_Work to be completed_
Return all of the data exactly as written, without the pictures.

_Information provided_
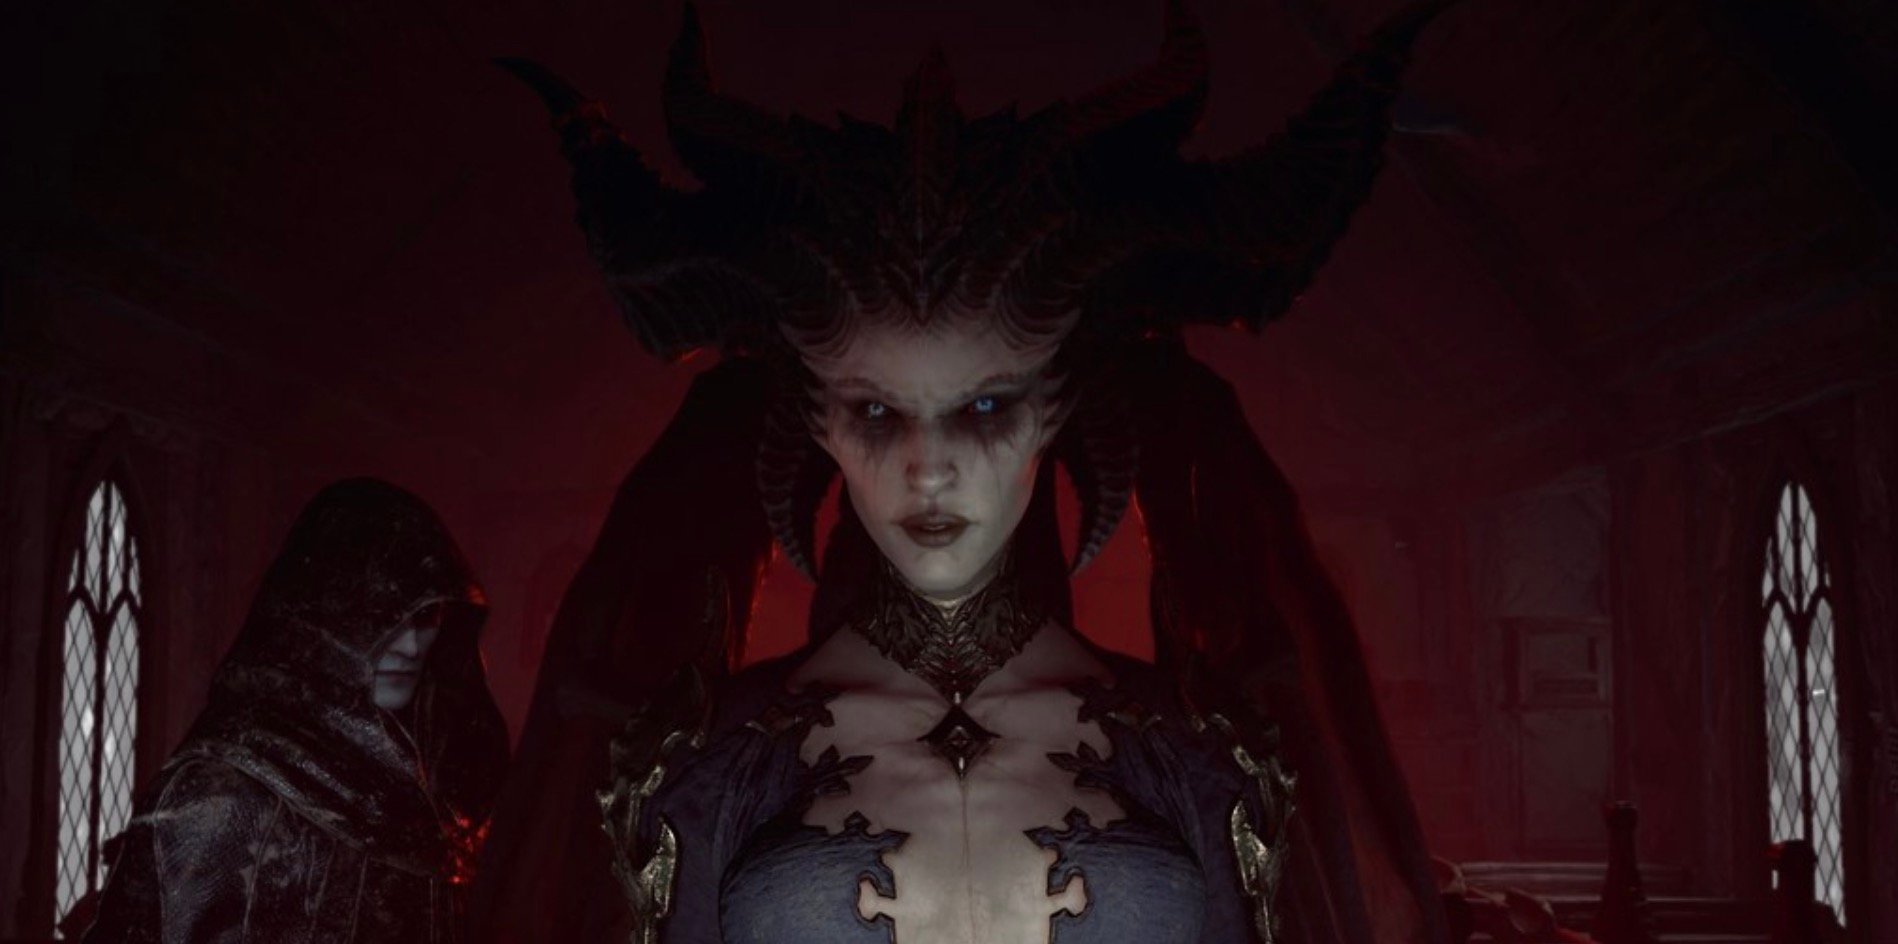 Diablo 4 Prime Gaming Rewards - Four Tier Skips in August
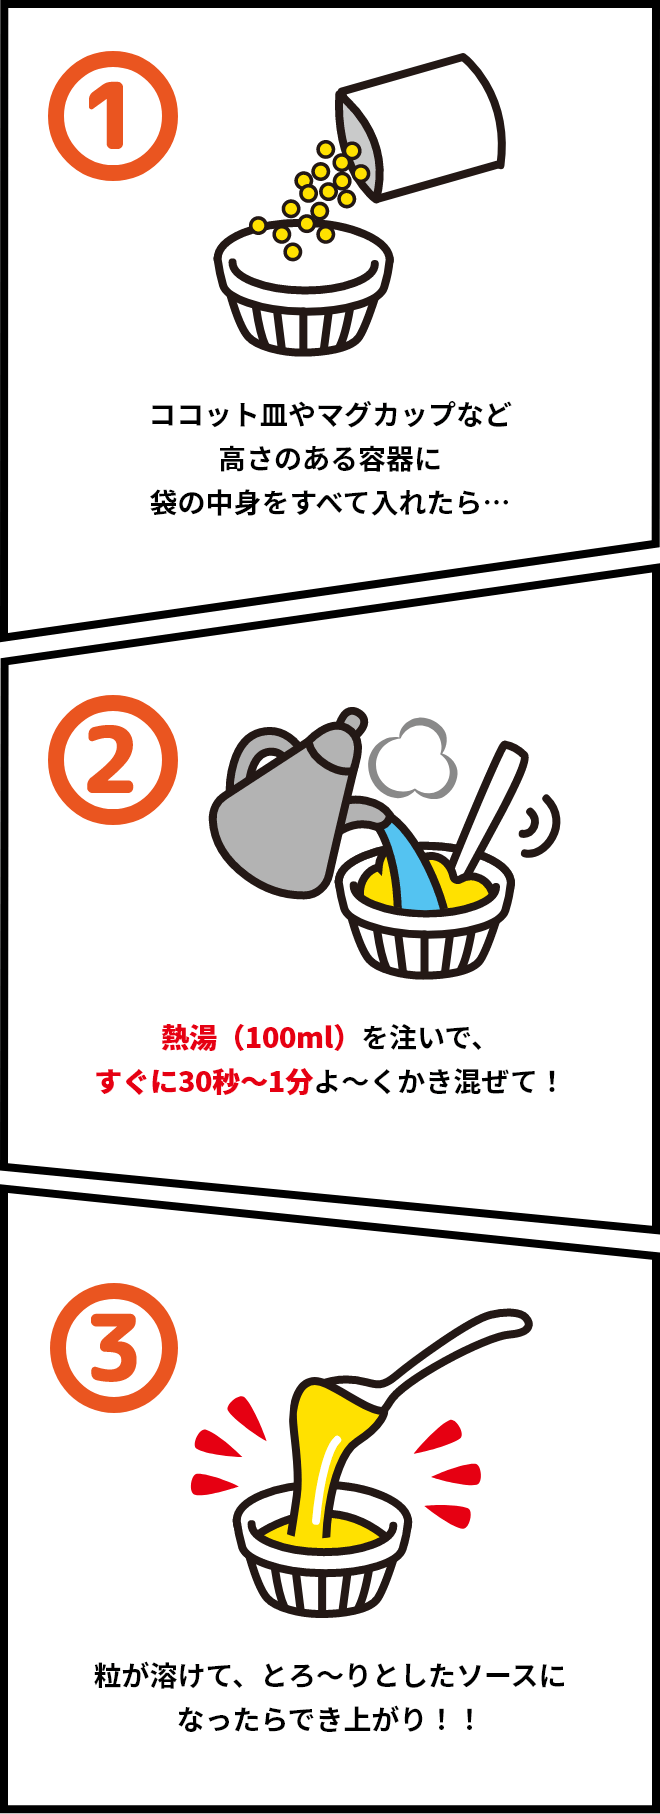 1.ココット皿やマグカップなど高さのある容器に袋の中身をすべて入れたら… 2.熱湯(100ml)を注いで、すぐに30秒～1分よ～くかき混ぜて! 3.粒が溶けて、とろ～りとしたソースになったらでき上がり!!
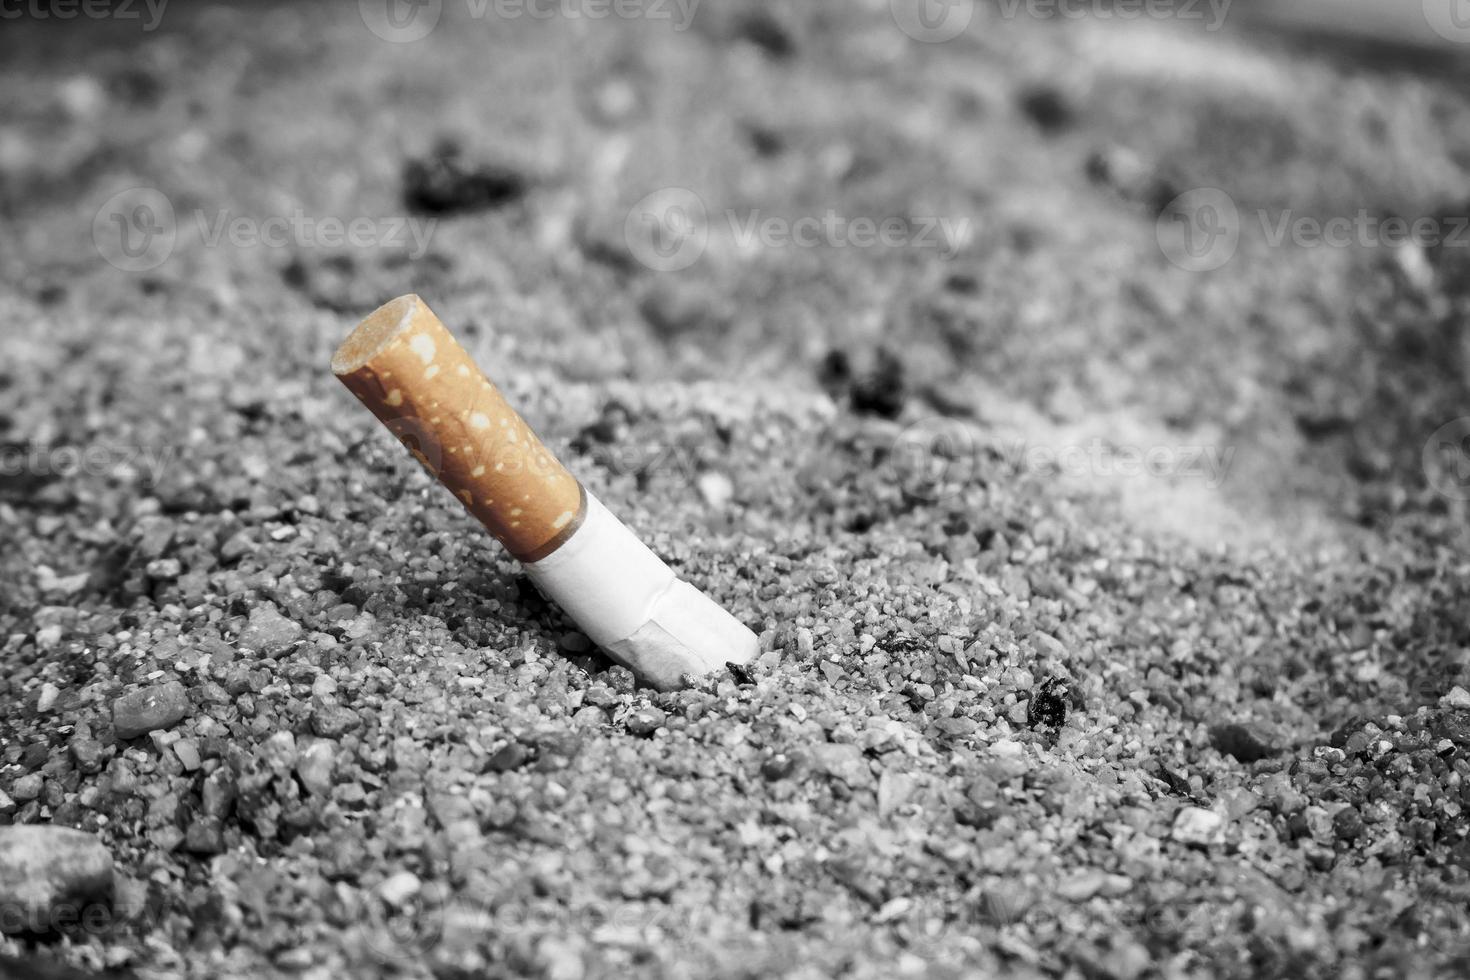 Tobacco Cigarette butt photo

_Written answer_
 Diablo 4 Prime Gaming Rewards - Four Tier Skips in August
 1.ココット皿やマグカップなど高さのある容器に袋の中身をすべて入れたら… 2.熱湯(100ml)を注いで、すぐに30秒～1分よ～くかき混ぜて! 3.粒が溶けて、とろ～りとしたソースになったらでき上がり!!
 Tobacco Cigarette butt photo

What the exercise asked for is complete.